- **RECORDS FOR PROCESSING**:
§
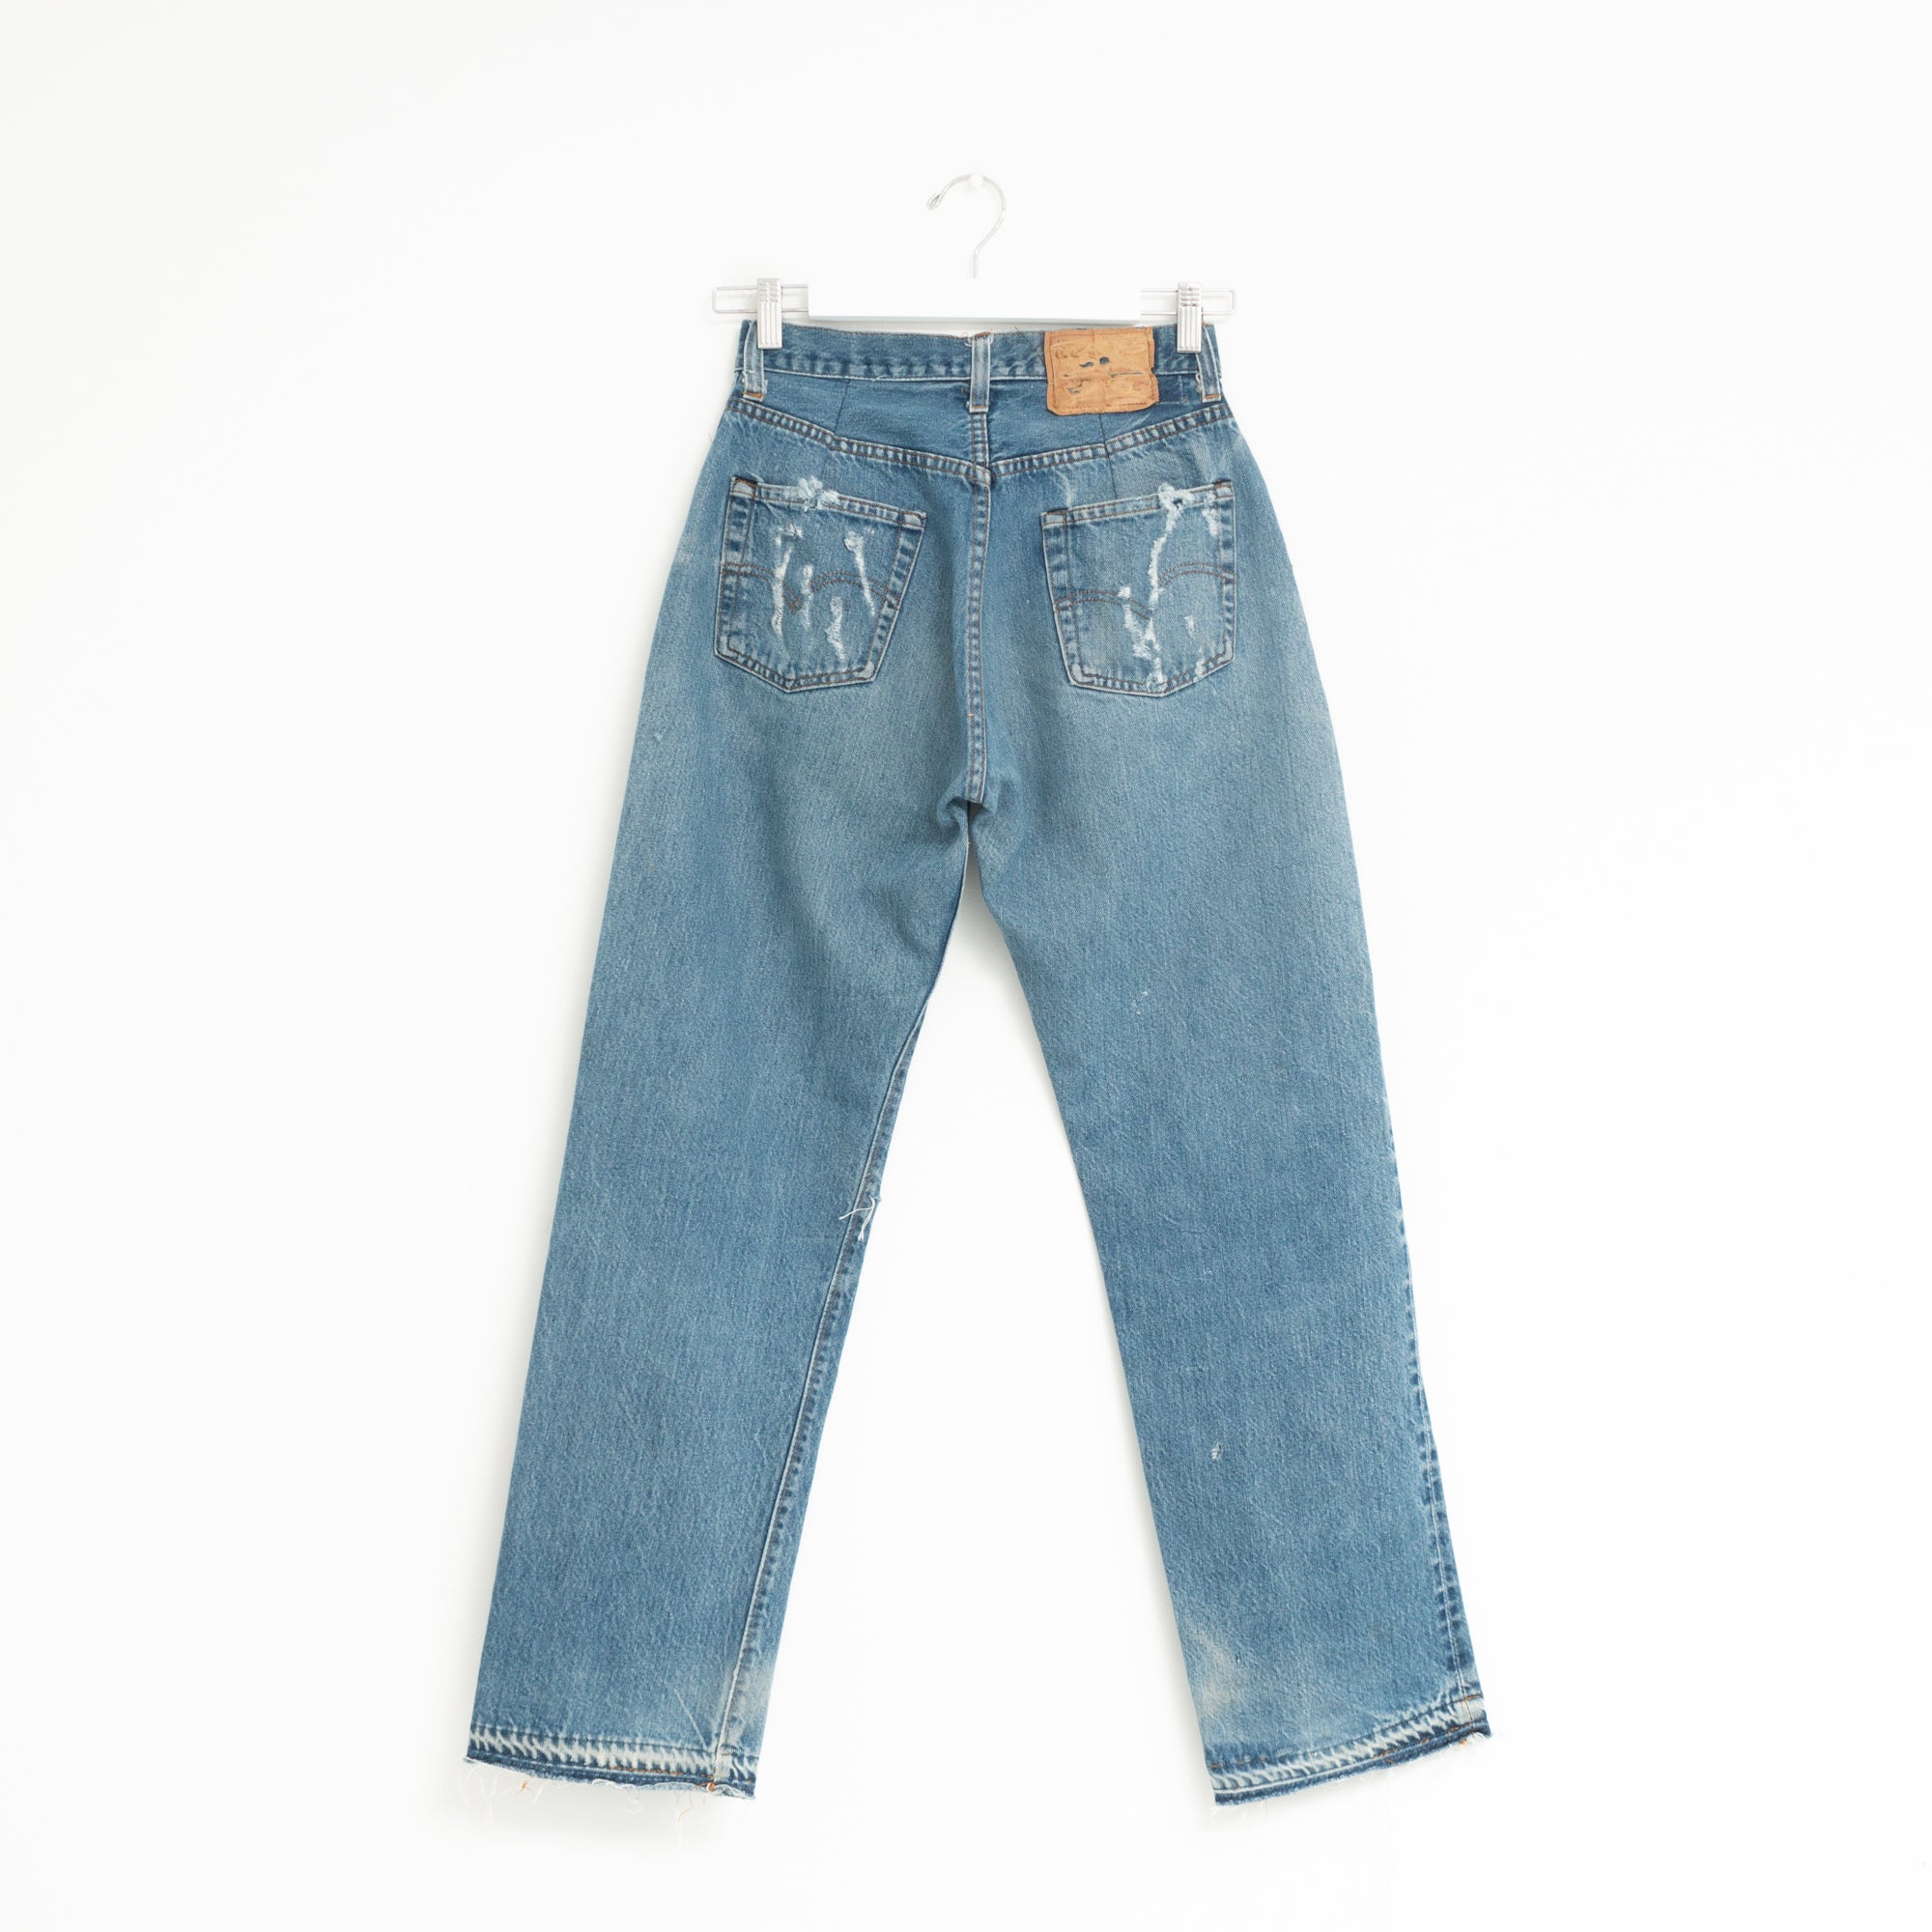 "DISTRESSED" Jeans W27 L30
§
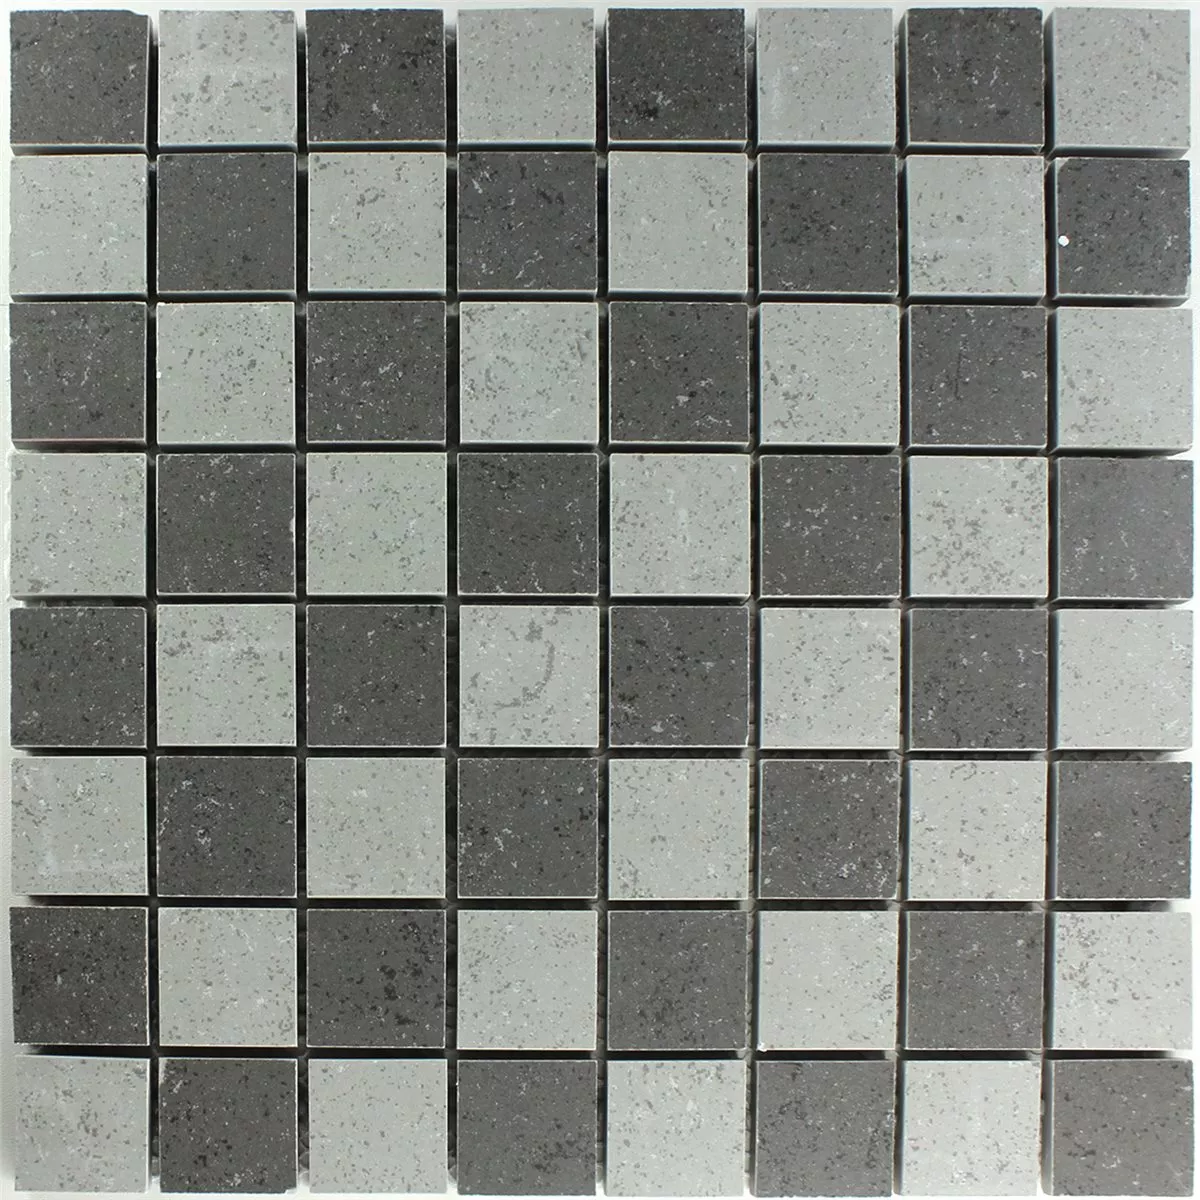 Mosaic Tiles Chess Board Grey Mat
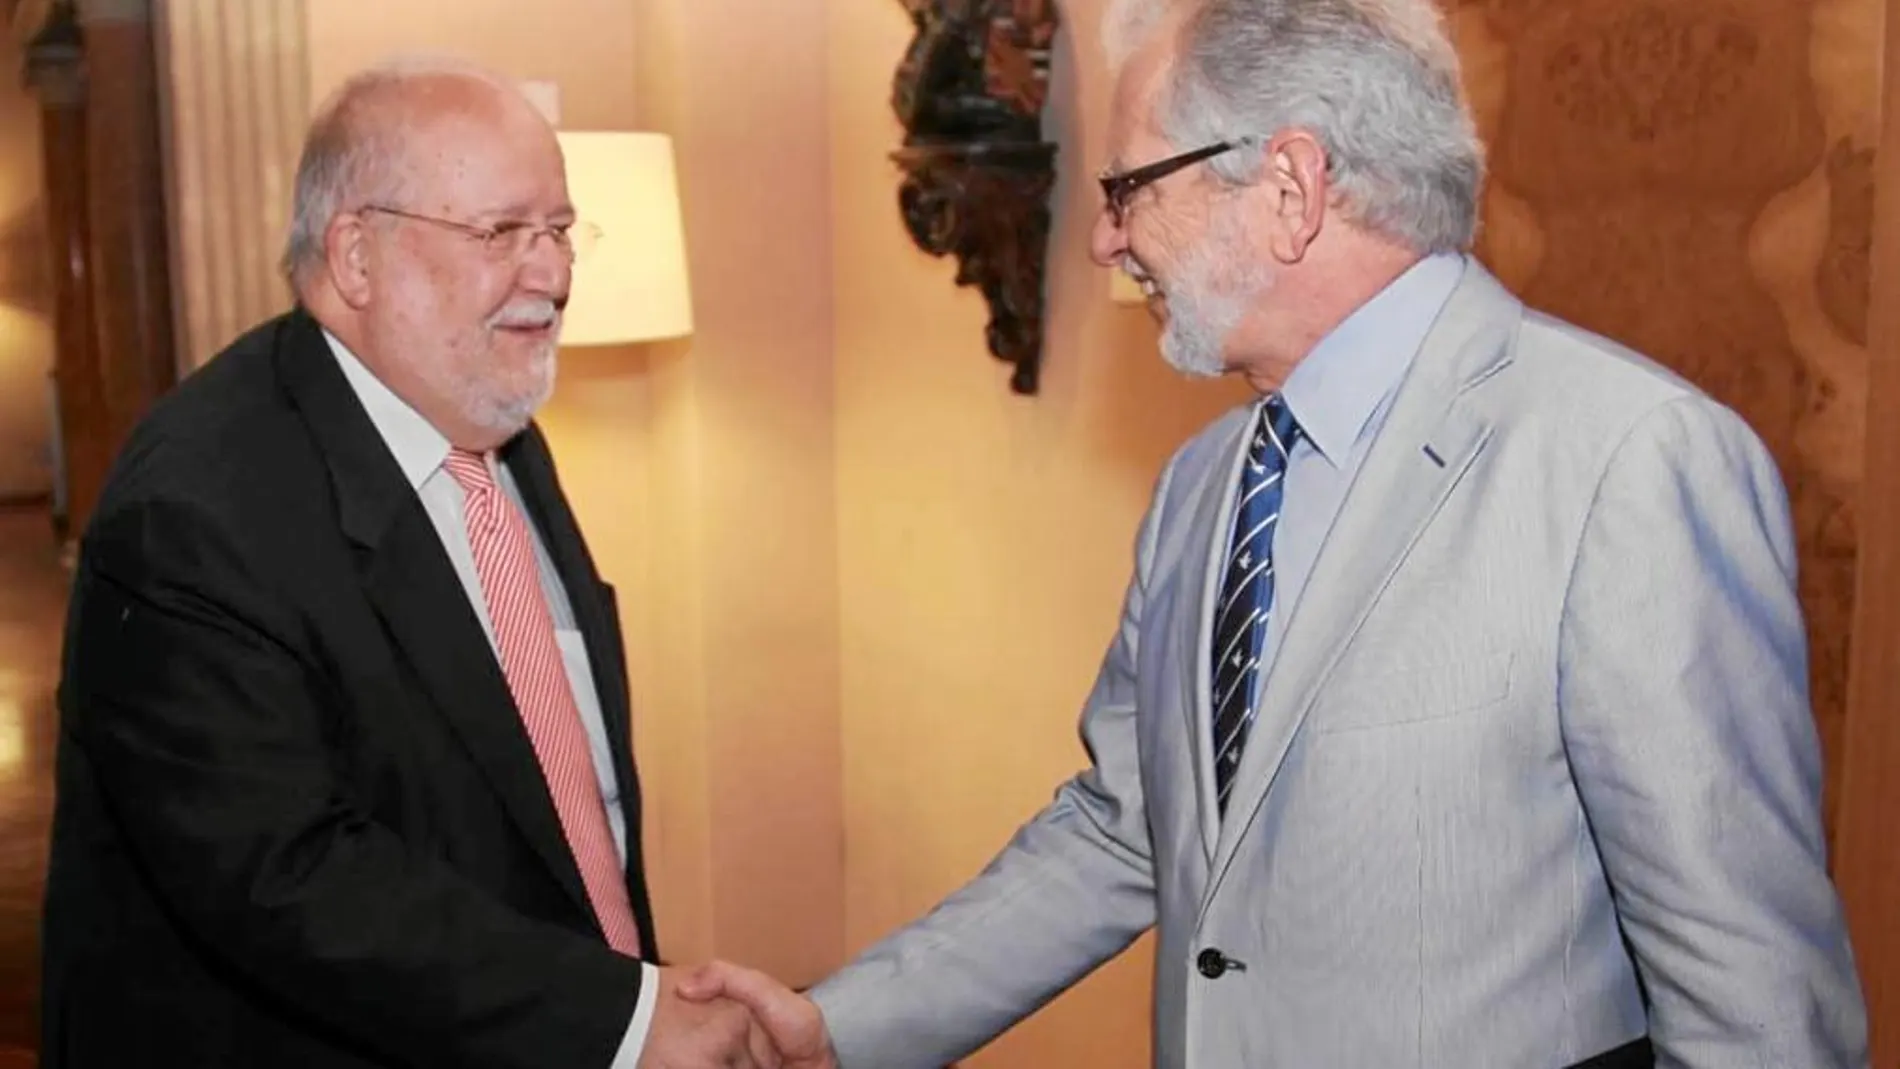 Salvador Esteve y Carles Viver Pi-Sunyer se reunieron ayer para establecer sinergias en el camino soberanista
§
- **WHAT THE TASK REQUIRES**: From the records above, return exactly the lines running from the one that contains "Mosaic Tiles Chess Board Grey Mat" down to the one that contains "Salvador Esteve y", both included, without any pictures.

- **RESULT**:
 Mosaic Tiles Chess Board Grey Mat
 Salvador Esteve y Carles Viver Pi-Sunyer se reunieron ayer para establecer sinergias en el camino soberanista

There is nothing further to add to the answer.